Let $m=m(b_1,...,b_n)$ be the minimum number of multiplications required to compute $p$. My specific questions are:

- Can we compute $m$ in polynomial time?
- Can we answer question #1 constructively, i.e. actually figure out which $m$ terms can be multiplied together to compute $p$? If not, can we do it with some approximation guarantee (like "at worst we use $2m$ terms"?)

The interesting case (for my application, anyway) occurs when $n\gg k$ (so there are many common subexpressions) but the semigroup is noncommutative (so you cannot simply rearrange terms and use repeated doubling).

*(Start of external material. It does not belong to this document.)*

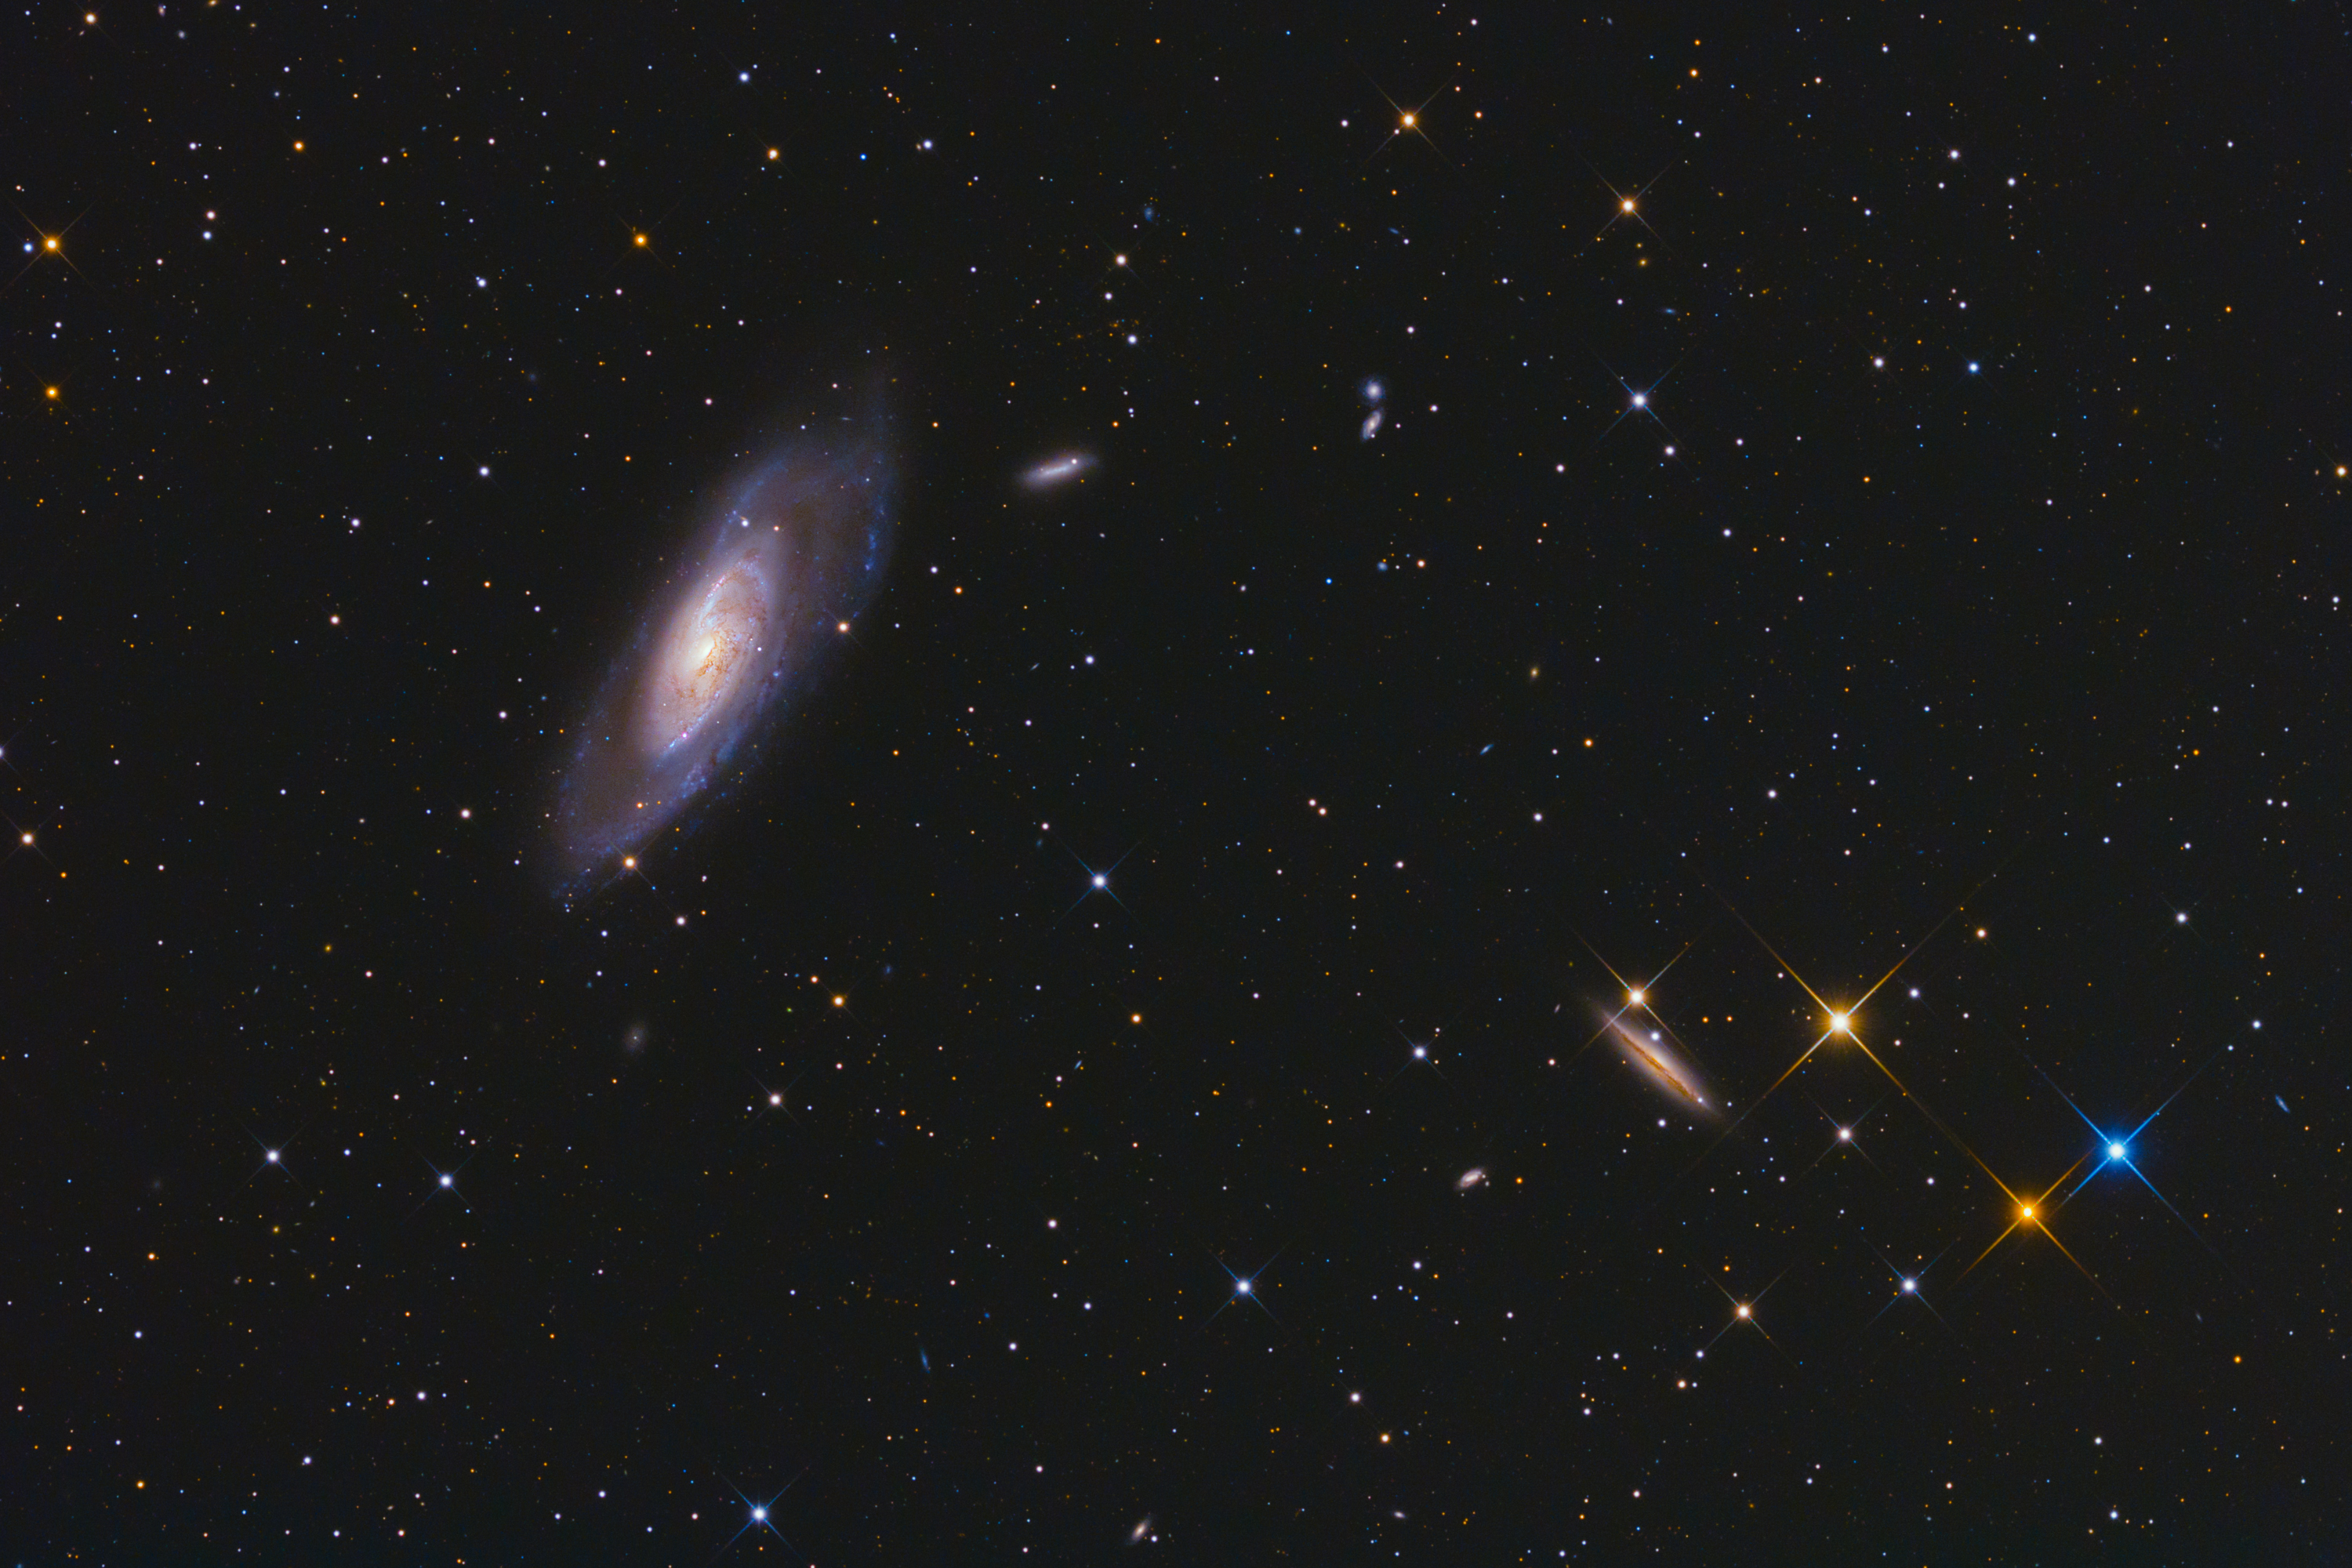 M106_ORG_4and5_Mix23.jpg

Let me outline one simple (but insufficient) approach. Suppose that we begin by computing all products of (not necessarily distinct) pairs from $A$. Then we can compute $p$ with $k^2+(\lceil n/2 \rceil -1)$ multiplications by multiplying the terms two at a time. If $k^2\ll n$, then we have essentially halved the number of multiplications. Analogous reasoning can be extended to provide roughly an $\lfloor \log_k(n)-\log_k(\log_k(n)) \rfloor -1$ improvement in the number of multiplications. However, for highly repetitive strings we could do much better still.

This problem arose in the context of parallel inference algorithms for hidden Markov models; the noncommutative semigroup in question consists of non-negative matrices over the reals.